看到一道sql题目,比较感兴趣,就做了下
题目如下:
主要思路1:
- 使用用户变量+笛卡尔积生成时间维度表
- 通过时间维度表和每次停车信息再做笛卡尔积
- 对时间进行分组求和即可
思路2:
- 计算时间间隔,使用space填充,然后split分割后使用posexplode炸开并获得索引,用索引乘以3600即可获得每个小时的维度表
建表如下:
mysql代码如下:
select substring(tt.dim_time,1,13) as hh,count(*)
from (
select id, plate_no, from_unixtime(unix_timestamp(t.inttime)),
from_unixtime(unix_timestamp(if(t.outtime='',current_date(),t.outtime))),from_unixtime(t3.dim_time) dim_time
from t,(
select case when @dim_timestamp then @dim_timestamp:=@dim_timestamp+3600 else 0 end dim_time
from (select @dim_timestamp:=(select min(unix_timestamp(time))
from (select inttime time
from t
union
select if(outtime='',current_date(),outtime) time
from t)T1))T2,
(select 1 union select 2)t4,
(select 1 union select 2 union select 3)t5,
(select 1 union select 2 union select 3 union select 4)t6,
(select 1 union select 2 union select 3 union select 4 union select 5)t7,
(select 1 union select 2 union select 3 union select 4 union select 5 union select 6)t8,
(select 1 union select 2 union select 3 union select 4 union select 5 union select 6 union select 7)t9
)t3
where from_unixtime(t3.dim_time)>from_unixtime(unix_timestamp(t.inttime))

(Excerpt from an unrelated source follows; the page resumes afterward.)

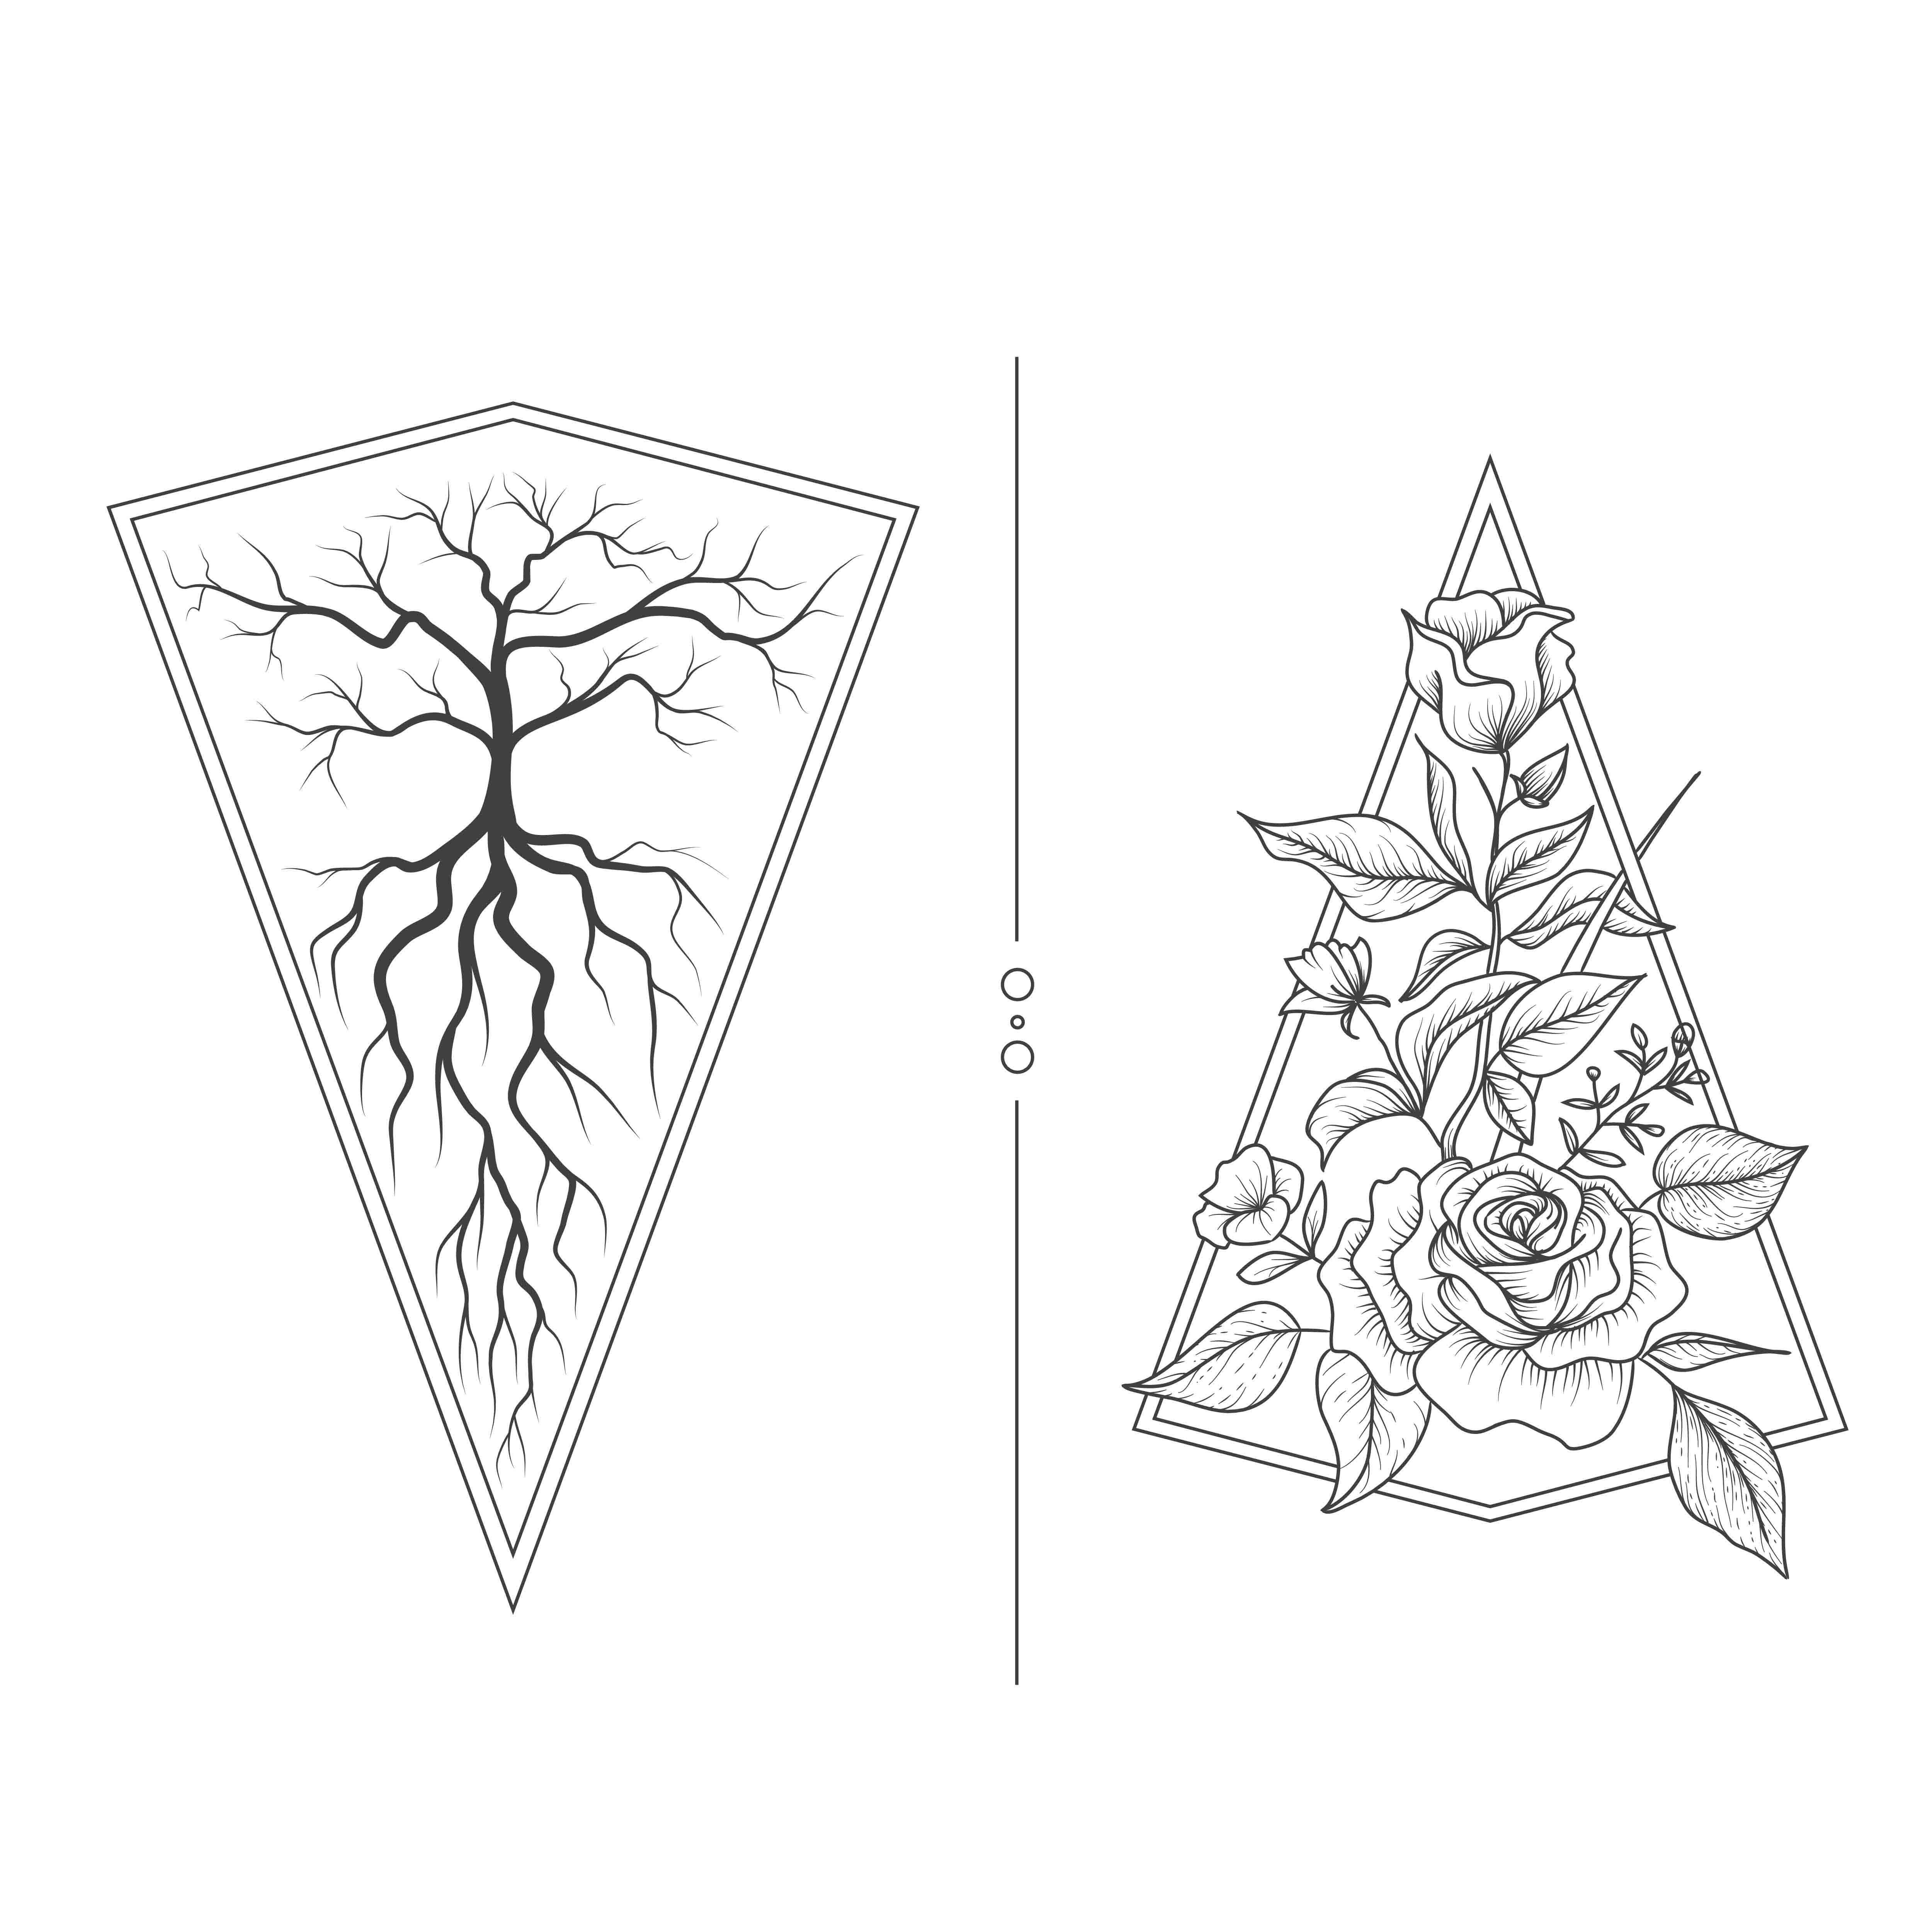 Some Tattoo Design again by MPtribe on DeviantArt  Free tattoo designs  Simple tattoo designs Cool simple tattoos

and from_unixtime(t3.dim_time)<from_unixtime(unix_timestamp(if(outtime='',current_date(),outtime)))
)tt
group by tt.dim_time;
输出结果如下
Hive代码如下:
with
t1 as (
select max(outtime) max_time
from parkrecode
),
t2 as (
select p.id,p.plate_no,p.inttime,coalesce(p.outtime,t.max_time) outtime
from parkrecode p
cross join t1 t
where substr(inttime,1,10)!=substr(outtime,1,10)),
t3 as (
select id,plate_no inhour,from_unixtime(unix_timestamp(inttime,'yyyyMMddHHmmss'))
start_date,
from_unixtime(unix_timestamp(outtime,'yyyyMMddHHmmss')-3600) end_date
from t2
),
t4 as (
select t3.id,t3.inhour,from_unixtime(unix_timestamp(start_date)+pos*3600,'yyyyMMddHH')
stop_hour
from t3
lateral view posexplode(split(space(hour(end_date)-hour(start_date)+
(datediff(end_date,start_date))*24),''))t as pos,val)
select stop_hour,count(inhour)
from t4
group by stop_hour;